In 1820, after three centuries of Spanish rule, Ecuador joined Simon Bolivar’s Republic of Gran Columbia (a region that included what is now Venezuela, Columbia, Ecuador and Panama). It became a sovereign state in 1830. Two years later, it annexed the Galápagos Islands.
Reflecting its history, the population of Ecuador is ethnically diverse. Over 70% of the 18 million people are mestizo (mixed Indigenous and White). There are also around 7% each of Native American, African (slavery was abolished in 1851) and European descent. In addition to the official language (Spanish), 13 native languages are recognized.

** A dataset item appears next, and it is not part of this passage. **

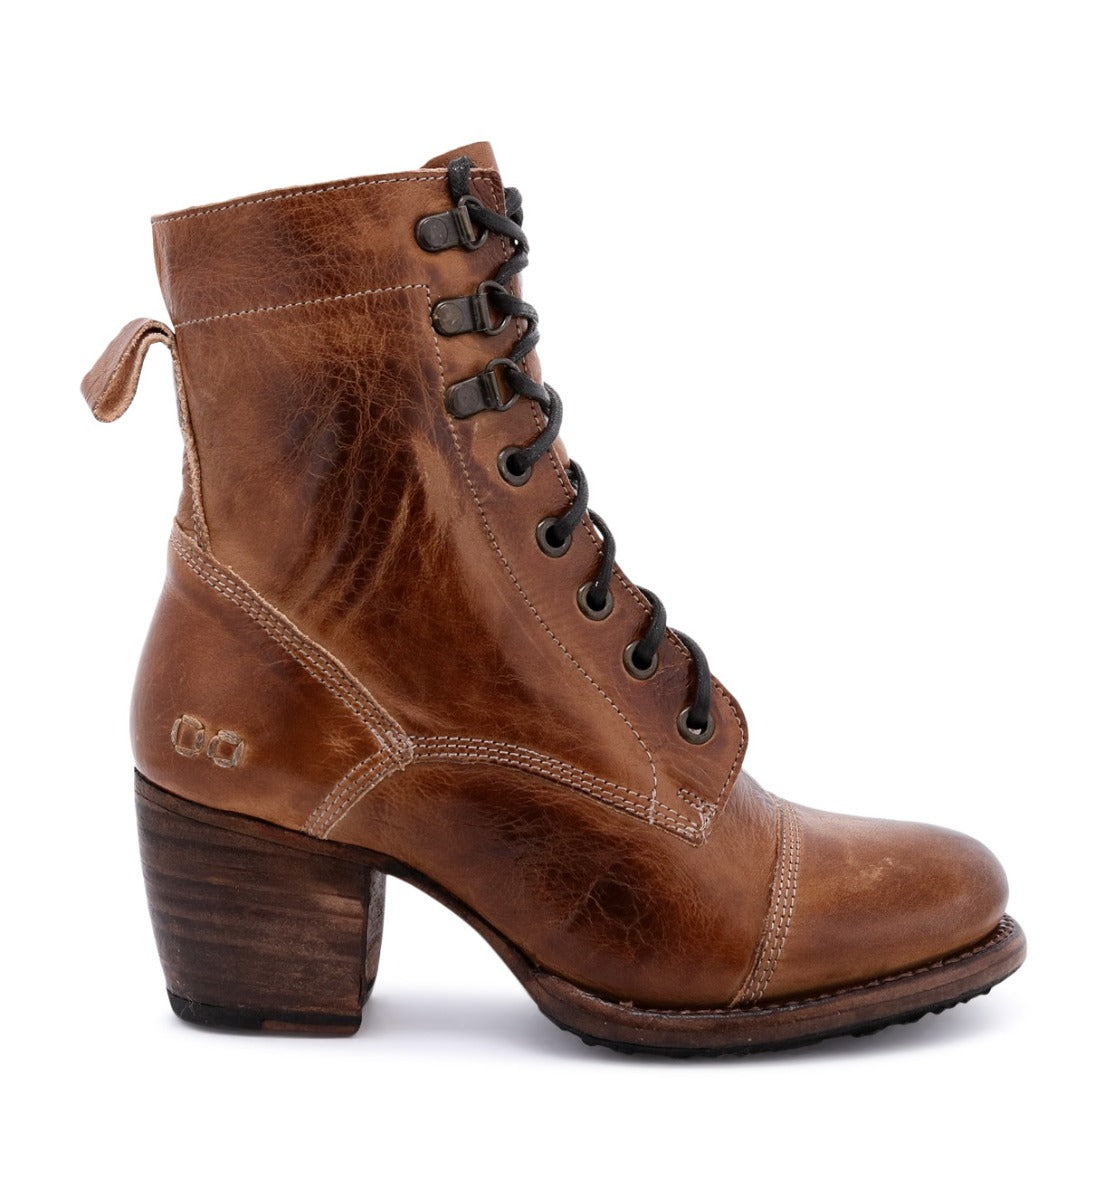 A women's brown leather ankle boot with a wooden heel called Judgement by Bed Stu.

Ecuador is one of the world’s 17 megadiverse countries. It values and is protective of its unique ecological diversity. Climate zones vary from Andes peaks to mountain cloud forests to Amazon jungles to Pacific coastlines. And of course, 620 miles west of the mainland, are Ecuador’s Crown Jewels: the Galápagos Islands. Ecuador’s 2008 constitution was the first in the world to recognize legally enforceable Rights of Nature (ecosystem rights).
We were surprised to learn that the US Dollar has been Ecuador’s official currency since 2000. After a period of economic instability, the country abolished the Ecuadorian sucre and adopted the dollar. It makes purchases super easy for us here. Use of the dollar coin is much more common here that at home in the US.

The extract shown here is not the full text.